Hope you like this fiction :)


Pertama kali Jongin bertemu Sehun di depan perpustakaan kota, Jongin menetapkan kalau Sehun adalah manusia paling manis yang pernah dilihatnya.

Saat itu Sehun bahkan jauh lebih pendek daripada Jongin. Memakai baju kebesaran tidak menutup sedikitpun pesona Sehun dimata Jongin. Entah saat itu Sehun habis bermain dimana sehingga membuat baju dan sepatunya berlumuran lumpur. Mungkin buat sebagian orang Sehun terlihat sangat kotor saat itu, tapi itu malah membuat Jongin lebih menginginkan Sehun.

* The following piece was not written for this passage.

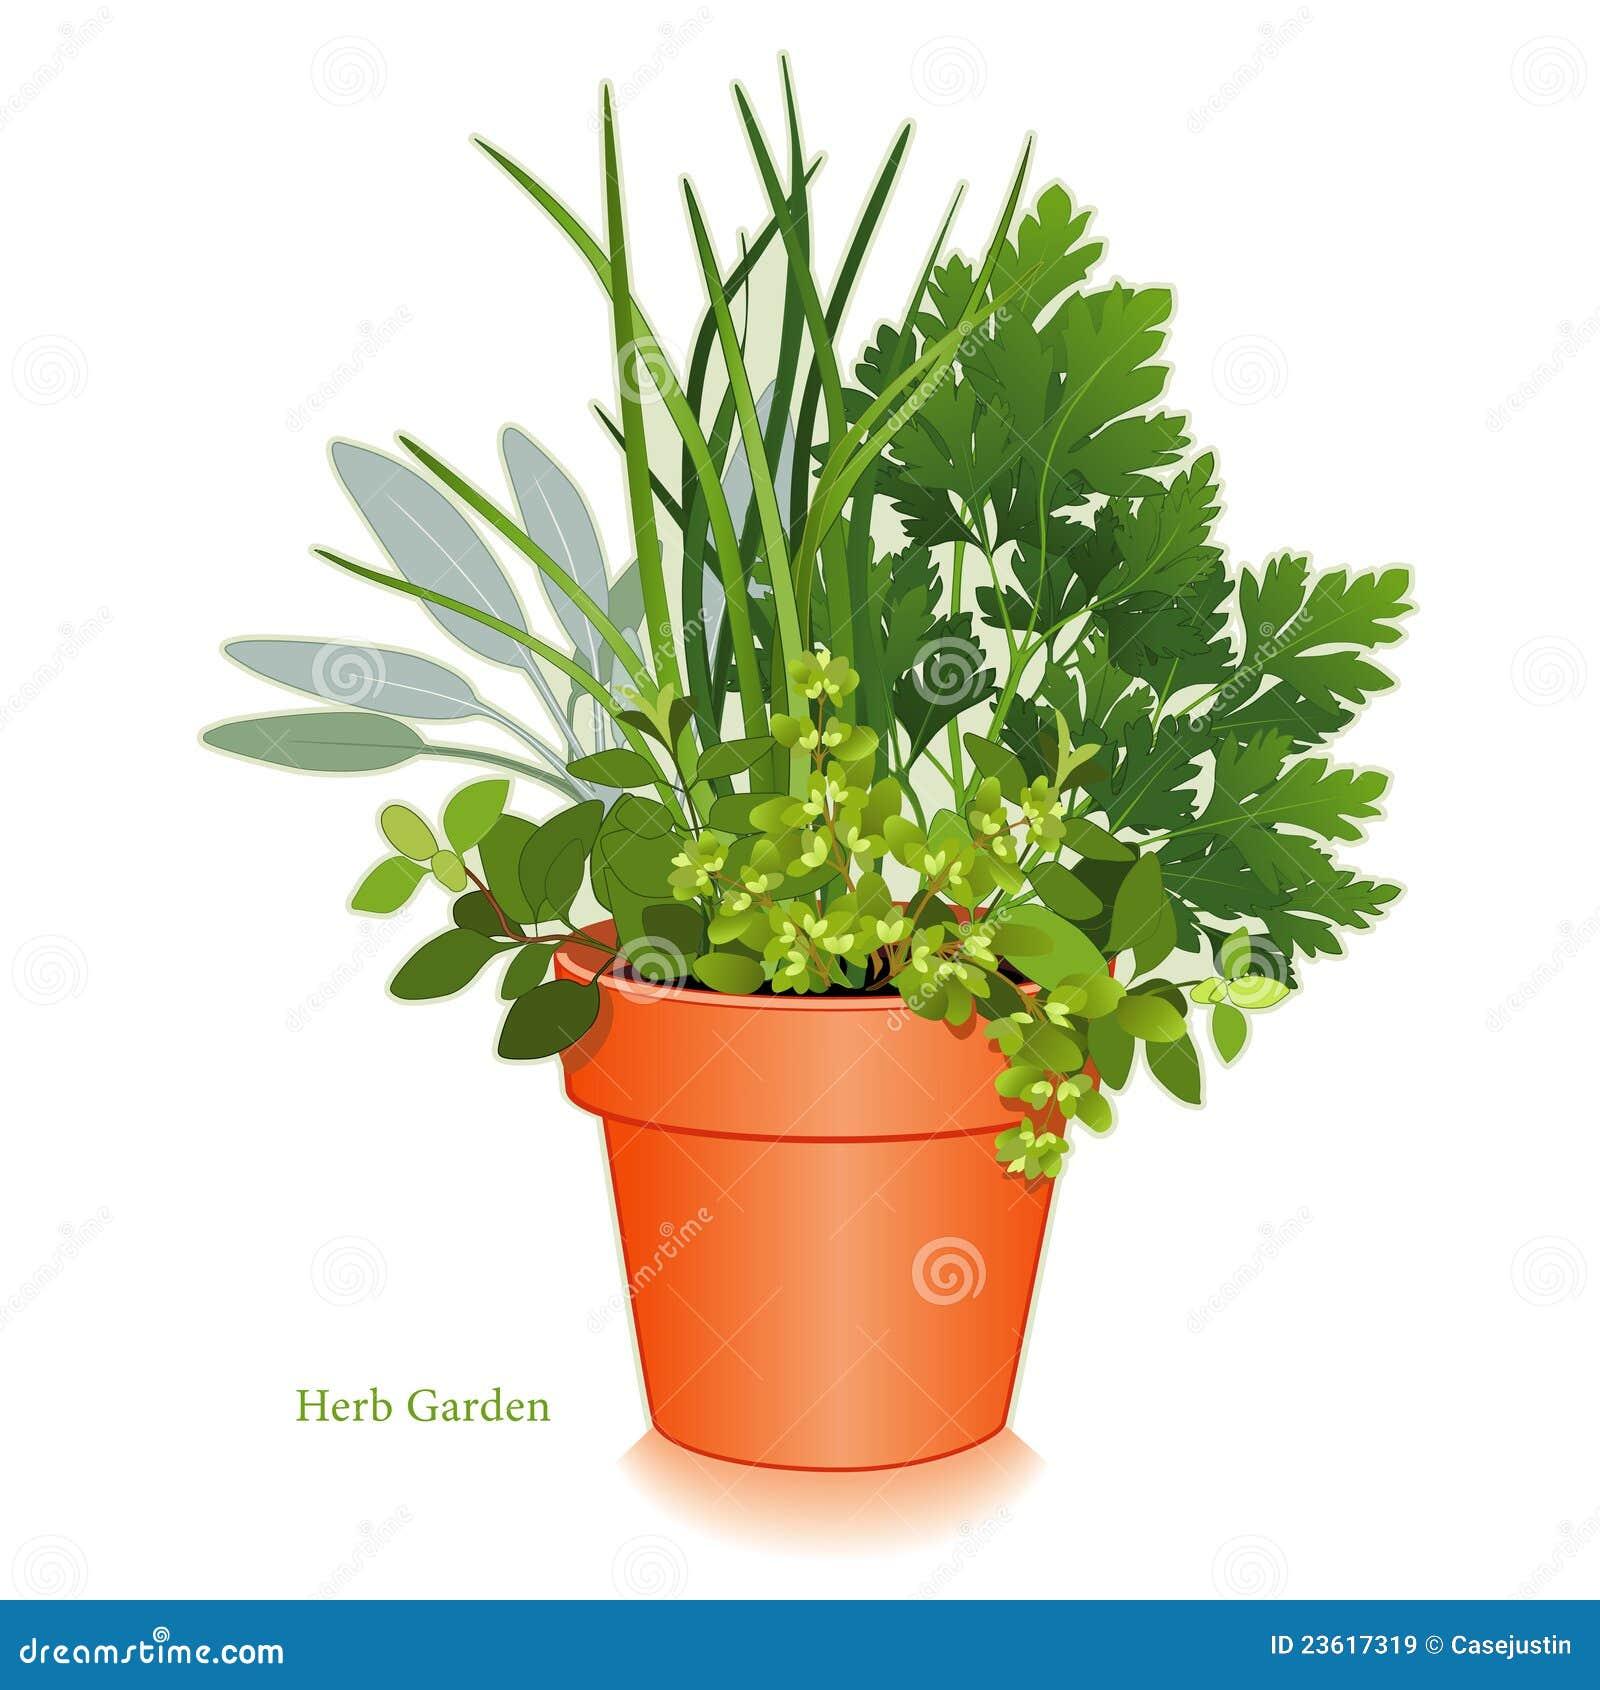 Jard n de hierba en maceta de la arcilla im genes de - Hierba luisa en maceta ...

Hal pertama yang diinginkan Jongin saat melihat Sehun adalah merangkul pundak Sehun dan mengumumkan pada semua orang kalau Sehun itu miliknya. Tapi itu tidak bisa terjadi kalau Sehun tak mengenal Jongin kan? Jadi Jongin menghampiri Sehun dan mengajaknya berkenalan. Begitu Sehun menerima jabatan tangannya Jongin langsung berbicara mengenai sekolah menengah mana yang akan dimasukinya nanti dan pengetahuan lainnya yang dianggap dapat membuat Sehun terksesan. Dari situ Jongin tahu kalau Sehun akan masuk sekolah menengah yang sama dengannya.

Dan sepanjang musim panas itu Jongin hanya memimpikan Sehun.

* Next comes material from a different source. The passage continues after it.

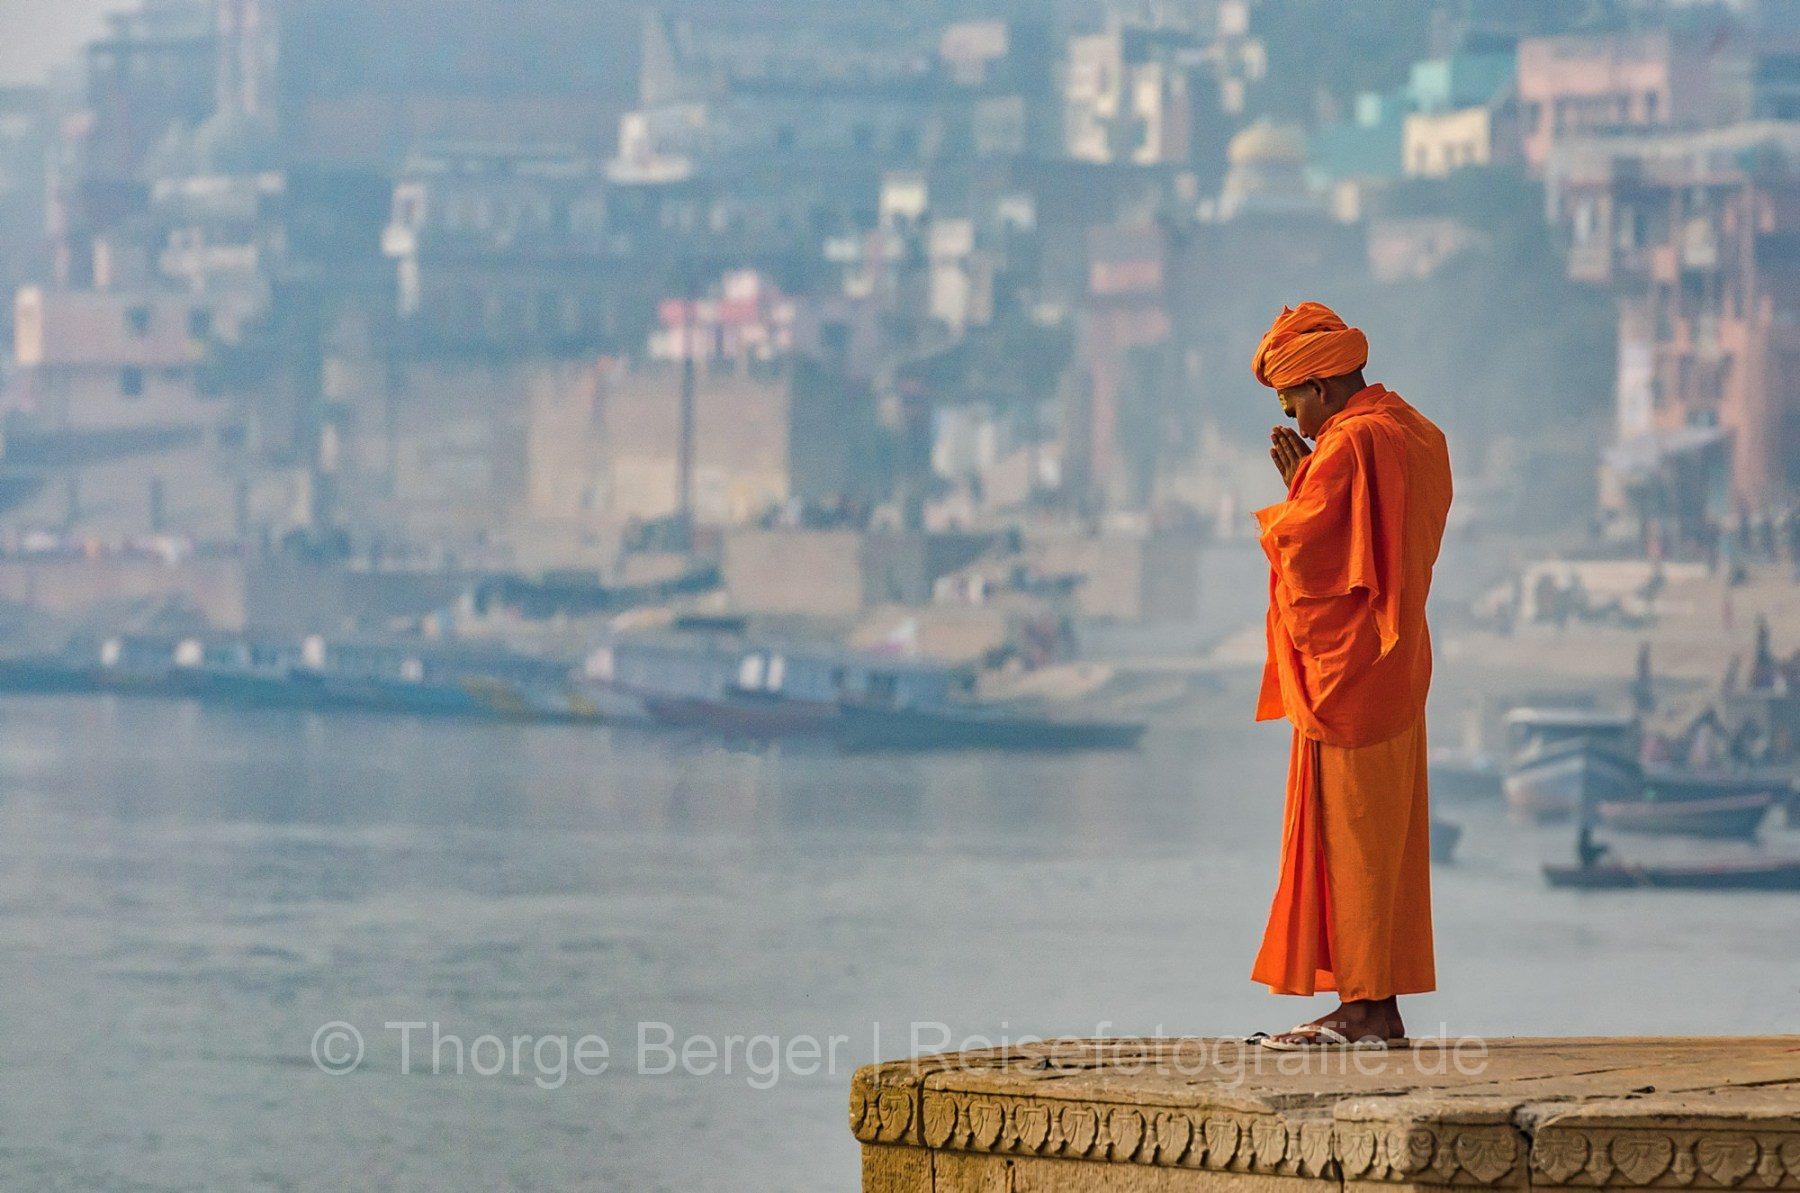 Prayaer on the Ghats of Varanasi

Tidak sabar untuk memulai sekolah dengan Sehun, sekelas dengannya, duduk bersebalahan di kelas, dan Jongin tidak sabar untuk berbuat sedikit kenakalan bersama Sehun. Sekolah menengah tidak akan seru tanpa sedikit kenakalan kan? Bahkan Jongin menceritakan tentang Sehun kepada Ayah dan Ibunya. Mungkin mereka lelah mendengar cerita Jongin tentang "anak laki-laki manis di depan perpustakaan kota".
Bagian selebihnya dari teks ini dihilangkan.